16. Defining relative clause. The relative pronoun ‘that’ in this sentence may be omitted.
17.  Defining relative clause. The relative pronoun ‘that’ in this sentence may be omitted.
18. Non-defining relative clause. The relative pronoun, ‘which’ in this sentence cannot be omitted.
19. Defining relative clause. The relative pronoun ‘that’ in this sentence may be omitted.
20. Non-defining clause. The relative pronoun, ‘whom’ in this sentence cannot be omitted.]


Combine the following pairs of sentences by making the sentence of each pair into a non-defining relative clause.

For Example:
This house was built by my grandfather. I have always lived in it.
This house, in which I have always lived, was built by my grandfather.

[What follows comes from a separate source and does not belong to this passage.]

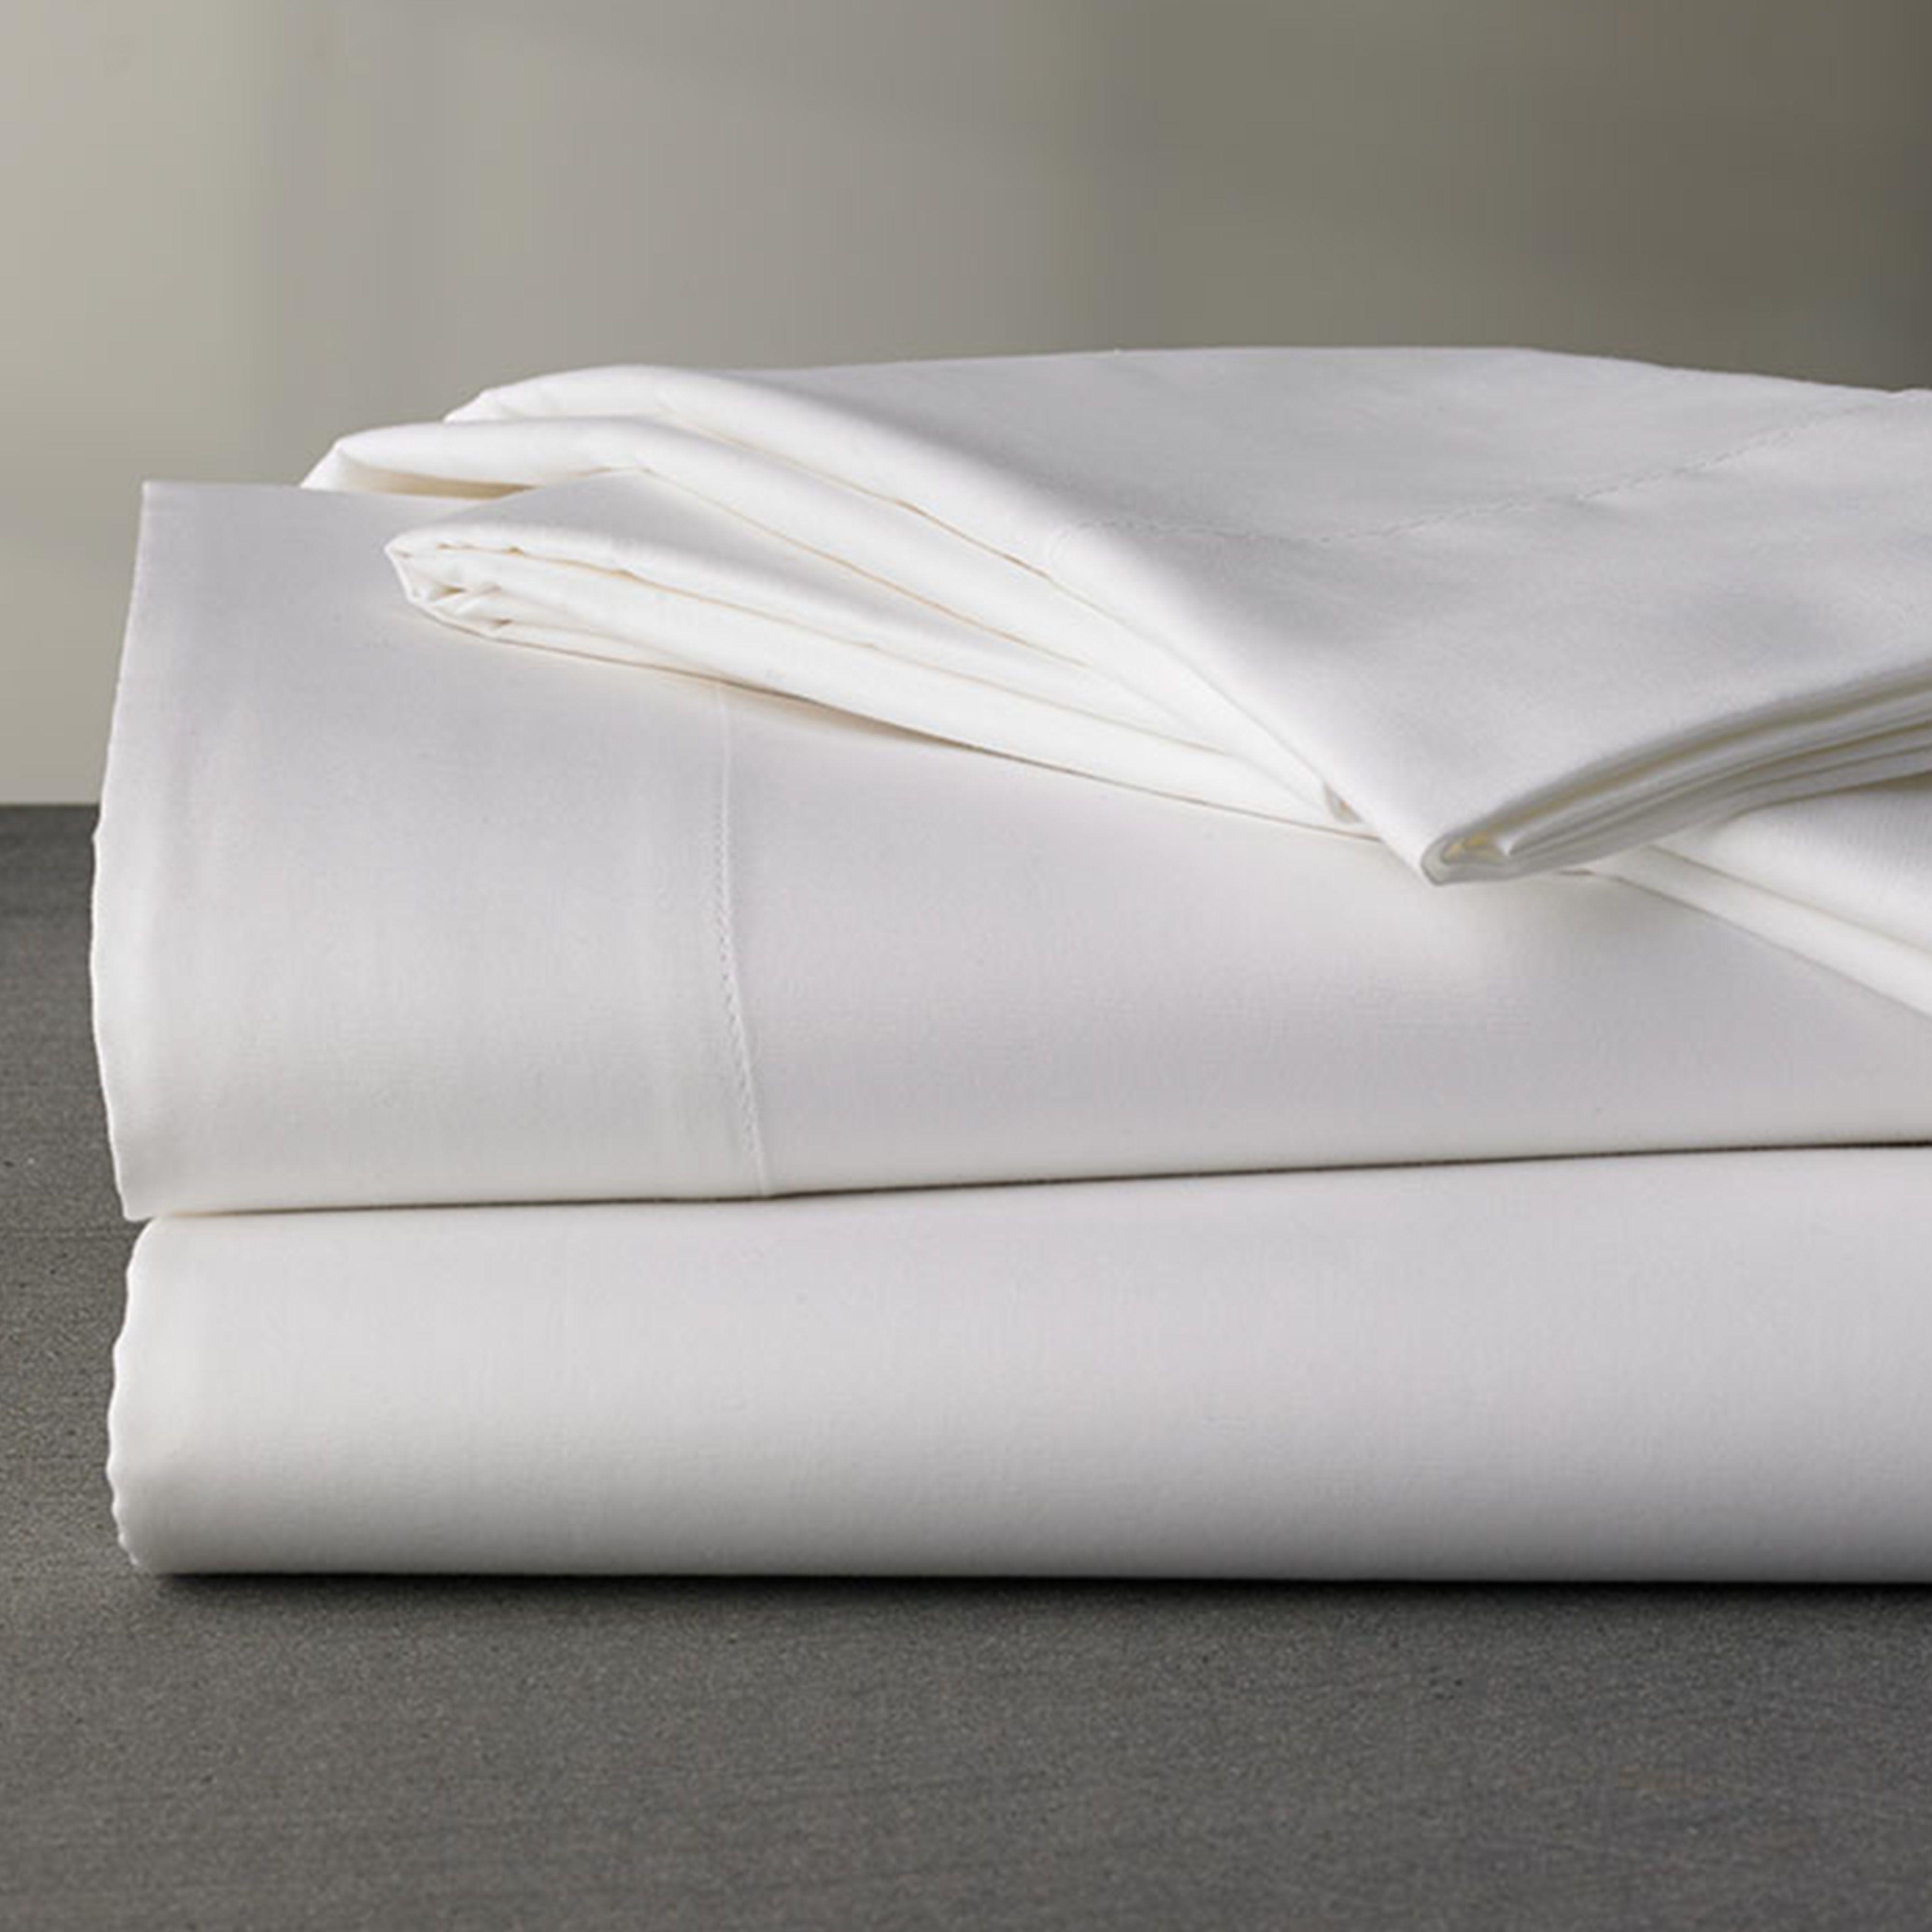 w sheet

1. This coat is worn out. I’ve been wearing it for ten years.
2. The garage is just round the corner. I keep my car in it.
3. This flower vase is a thousand years old. It comes from China.
4. William Shakespeare is the greatest English dramatist. His works are studied all over the world.
5. My landlord introduced me to some of his friends. He is a very sociable person.
6. The English Channel separates England from France. It is 33 kilometres across at the narrowest point.
7. The London train arrived half an hour late. We were travelling in it.
8. The English live mainly on trade. Napoleon called them a nation of shopkeepers.
9. My father-in-law advised me to invest in some oil shares. I have great confidence in his judgment.
10. She suffers horribly from sea-sickness. There is nothing more unpleasant than that.
11. The Thames is the most important, but not the longest, river in England. It flows from west to east.
12. She left her handbaq in the restaurant. It contained both her money and her passport
13. The burst water-pipes have been mended. They were frozen in the last spell of cold weather.
14. This car is a 1984 model. I only paid (£) 500 for it.
15. The head waiter obviously wants a bigger tip. I don’t like his attitude.
16. Queen Victoria died in 1901. Everyone respected her.
17. Indigestion often results from eating the wrong kind of food. Most people suffer from it at some time in their lives.
18. The old man is very ill. I took him to hospital last night.
19. My nephew has just left England. He is emigrating to Australia.
20. My niece has just got married again. Her first husband died.

Answer:
1. This coat, which I’ve been wearing it for ten years, is worn out.
2. The garage, in which I keep my car, is just round the corner.
3. This flower vase, which comes from China, is a thousand years old.
4. William Shakespeare, whose works are studied all over the world, is the greatest English dramatist.
5. My landlord, who is a very sociable person, introduced me to some of his friends.
6. The English Channel, which is 33 kilometres across at the narrowest point, separates England from France.
7. The London train, which we were travelling in, arrived half an hour late.
8. The English, whom Napoleon called a nation of shopkeepers, live mainly on trade.
9. My father-in-law, in whose judgment I have great confidence, advised me to invest in some oil shares.
10. She suffers horribly from sea-sickness, to which nothing is more unpleasant. (Note: Mistake in the book. Correct statement: She suffers horribly from seasickness. There is nothing more unpleasant than that.)
11. The Thames, which flows from west to east, is the most important, but not the longest river in England.
12. She left her handbag, which contained both her money and her passport, in the restaurant. (Note: Spelling mistake in the book. Correct sentence: She left her handbag in the restaurant. It contained both her money and her passport.)
13. The burst water-pipes, which were frozen in the last spell of cold weather, have been mended.
14. This car, which I only paid £ 500 for, is a 1984 model.
15. I don’t like the attitude of the head waiter, who obviously wants a bigger tip.
16. Queen Victoria, whom everyone respected, died in 1901.
17. Indigestion, which most people suffer from at some time in their lives, often results from eating the wrong kind of food.
18. The old man whom I took him to hospital last night, is very ill.
19. My nephew, who is is emigrating to Australia, has just left England.
20. My niece, whose first husband died, has just got married again.